Detecting anxiety in individuals with Parkinson disease: A systematic review

This is a new systematic review of studies assessing the diagnostic accuracy of anxiety scales in people with PD. It is important because anxiety is a common feature of Parkinson's both before and after the diagnosis. The authors found that overall 30% of people with Parkinson's meet the criteria for anxiety, but I have to say that in my experience I would put it closer to 50%. Maybe this reflects a bias in the patients I see??

The properties of the scales available for assessing anxiety are important. At the beginning of PREDICT-PD, we went through a pain-staking process of selection and in the end arrived at the Hospital Anxiety Depression Scale (HADS). In fact, at that time we knew that it was not the very best Anxiety scale or the very best Depression scale in terms of diagnostic accuracy, but it did combine assessment of both problems in one validated questionnaire, it was feasible to self-administer and it was relatively short. Nearly seven years on I am still happy with that decision but we may now test other scales within the PREDICT-PD programme too. Depression and anxiety are two features that are likely to pre-date a diagnosis of PD by a long time and it is critically important to be using the best tools to identify them both. They also have a dramatic impact on quality of life and are treatable, which are two good reasons to be trying to pick them up in people that don't have a diagnosis because there are likely to be significant health benefits...

Alastair Noyce

Neurology. 2017 Dec 6. pii: 10.1212/WNL.0000000000004771. doi: 10.1212/WNL.0000000000004771. [Epub ahead of print]
Mele B, Holroyd-Leduc J, Smith EE, Pringsheim T, Ismail Z, Goodarzi Z.

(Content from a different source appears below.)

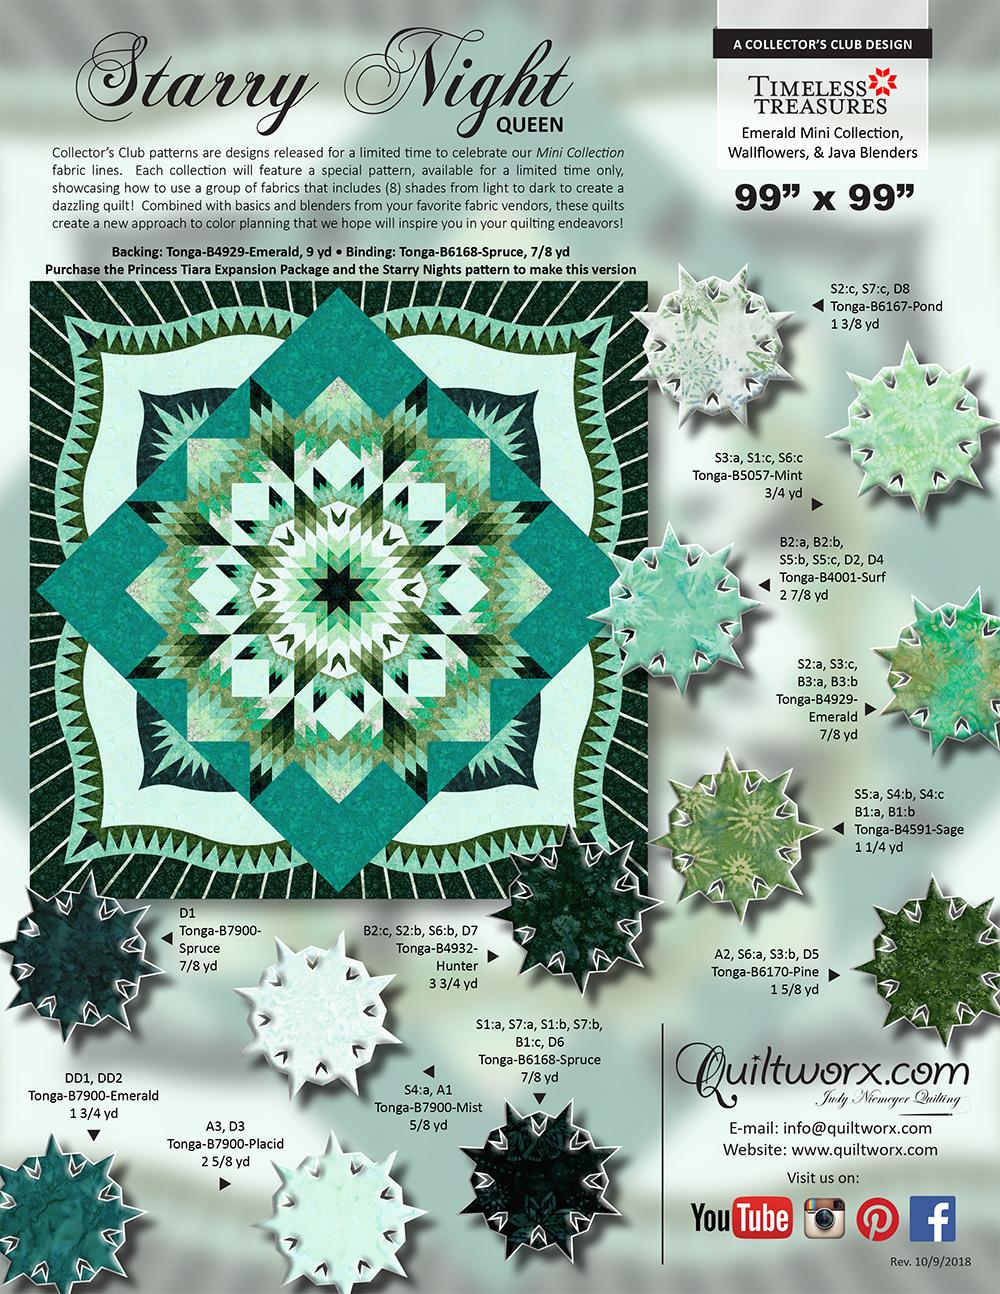 Starry Night Queen Emerald Wallflowers 1pg KS_1000

OBJECTIVE: To examine diagnostic accuracy of anxiety detection tools compared with a gold standard in outpatient settings among adults with Parkinson disease (PD).

METHODS: A systematic review was conducted. MEDLINE, EMABASE, PsycINFO, and Cochrane Database of Systematic Reviews were searched to April 7, 2017. Prevalence of anxiety and diagnostic accuracy measures including sensitivity, specificity, and likelihood ratios were gathered. Pooled prevalence of anxiety was calculated using Mantel-Haenszel-weighted DerSimonian and Laird models.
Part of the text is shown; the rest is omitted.